当 SMAC 继续运行时,会忽略运行历史中已处理的配置。例如,如果初始设计配置已经处理过,则在此处会被忽略。然而,在继续运行后,代理模型在所有情况下都会基于运行历史进行训练。

返回值#

next_config : Iterator[Configuration] 要评估的下一个配置。

源代码位于 smac/main/config_selector.py
def __iter__(self) -> Iterator[Configuration]:
    """This method returns the next configuration to evaluate. It ignores already processed configurations, i.e.,
    the configurations from the runhistory, if the runhistory is not empty.
    The method (after yielding the initial design configurations) trains the surrogate model, maximizes the
    acquisition function and yields ``n`` configurations. After the ``n`` configurations, the surrogate model is
    trained again, etc. The program stops if ``retries`` was reached within each iteration. A configuration
    is ignored, if it was used already before.

    Note
    ----
    When SMAC continues a run, processed configurations from the runhistory are ignored. For example, if the
    intitial design configurations already have been processed, they are ignored here. After the run is
    continued, however, the surrogate model is trained based on the runhistory in all cases.

    Returns
    -------
    next_config : Iterator[Configuration]
        The next configuration to evaluate.
    """
    assert self._runhistory is not None
    assert self._runhistory_encoder is not None
    assert self._model is not None
    assert self._acquisition_maximizer is not None
    assert self._acquisition_function is not None
    assert self._random_design is not None

    self._processed_configs = self._runhistory.get_configs()
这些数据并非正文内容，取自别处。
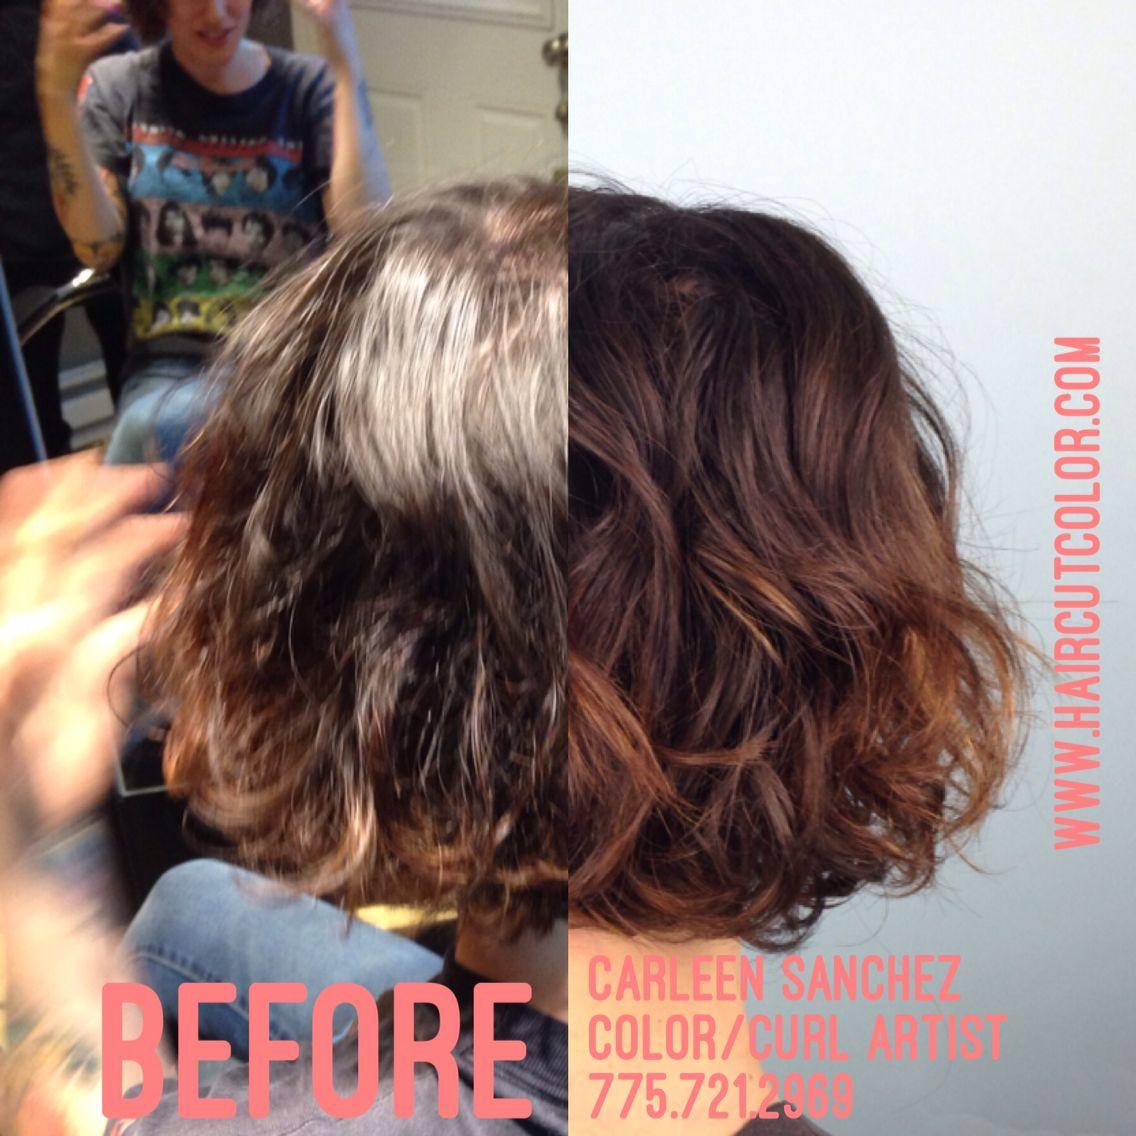 Curly wavy hair artistry by Carleen Sanchez, soft Balayage

    # We add more retries because there could be a case in which the processed configs are sampled again
    self._retries += len(self._processed_configs)

    logger.debug("Search for the next configuration...")
    self._call_callbacks_on_start()

    # First: We return the initial configurations
    for config in self._initial_design_configs:
        if config not in self._processed_configs:
            self._processed_configs.append(config)
            self._call_callbacks_on_end(config)
            yield config
            self._call_callbacks_on_start()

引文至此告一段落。